Researchers: M.E. Pritchard, J.A. Jay, F. Aron, S.T. Henderson, Cornell University and L.E. Lara, Servicio Nacional de Geologia y Mineria, Volcano Hazards Program Santiago Chile
Written by Linda Rowan
16 August 2013
The magnitude 8.8 Maule Chile earthquake that occurred in 2010 caused subsidence of five volcanic regions in the Andes within weeks of the event. The subsidence was observed via satellite imagery and is attributed to the migration of hydrothermal fluids. Similar subsidence was observed at volcanoes in Japan after the magnitude 9 Tohoku earthquake of 2011, indicating a common connection between large earthquakes and nearby volcanic centers.
Satellite images from the Advanced Land Observing Satellite (ALOS) operated by the Japan Aerospace Exploration Agency were acquired for all of the active stratovolcanoes in the Andean Southern Volcanic Zone during and after the Maule earthquake. The interferometric synthetic aperture radar (InSAR) images show changes in the land surface. Between about 5 to 15 centimeters of subsidence was found at five volcanoes along a north-south line that is parallel to the modeled offshore displacement (i.e. coseismic slip) caused by the earthquake. The subsidence is attributed primarily to the release of hydrothermal fluids beneath the surface. Nighttime satellite thermal infrared data from the Advanced Spaceborne Thermal Emission and Reflection Radiometer (ASTER) and Moderate Resolution Imaging Spectrometer (MODIS) operated by NASA of the volcanoes indicated no significant new thermal activity right before or after the earthquake. Therefore the volcanoes were not erupting or releasing any significant gas emissions at the surface that might have caused them to subside.

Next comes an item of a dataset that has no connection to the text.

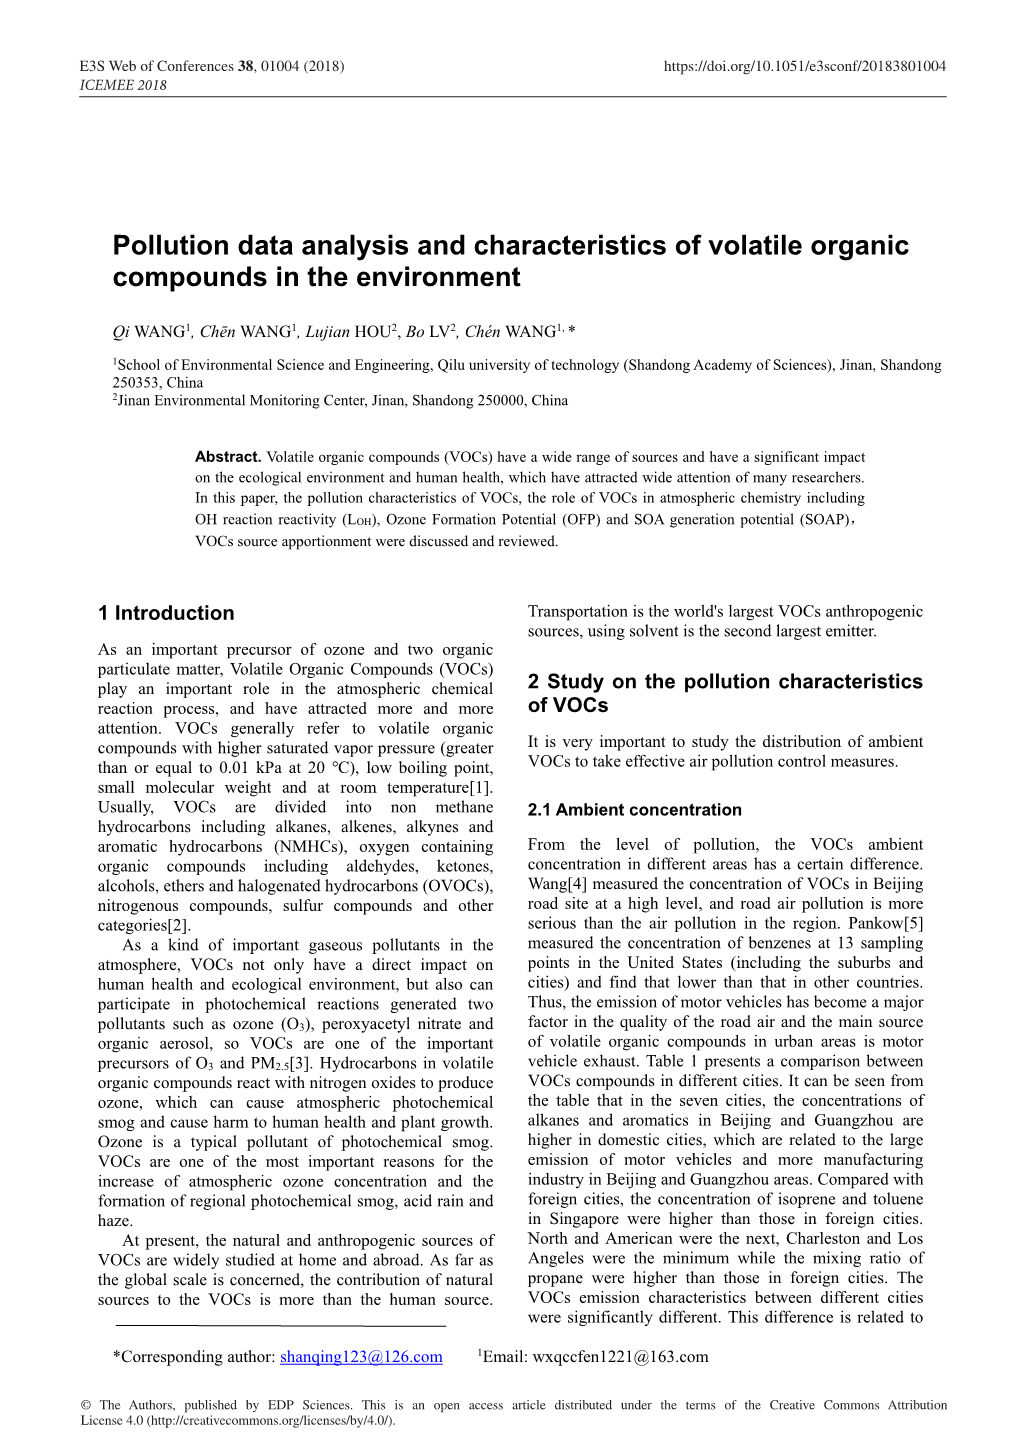 Pollution Data Analysis and Characteristics of Volatile Organic Compounds in the Environment

Satellite imagery shows subsidence at five volcanoes in the Southern Andean Volcanic Zone associated with the migration of fluids because of deformation caused by coseismic displacement from the 8.8 Maule earthquake. A model of the fluid migration calls for a magmatic and hydrothermal system with a north-south orientation parallel to the plate boundary and associated faults. Similar observations at volcanic regions in Japan after the 9.0 Tohoku earthquake suggest that magmatic systems parallel to major subduction zones will typically get squeezed by large earthquakes causing fluid migration. The fluid migration causes the active volcanoes to subside. Triggered eruption of nearby volcanoes after large earthquakes is relatively rare and this study supports these historical observations.
Publications: Subsidence at southern Andes volcanoes induced by the 2010 Maule, Chile earthquake, M.E. Pritchard, J.A. Jay, F. Aron, S.T. Henderson and L.E. Lara, Nature Geoscience, 30 June 2013, DOI: 10.10.1038/NGEO1855.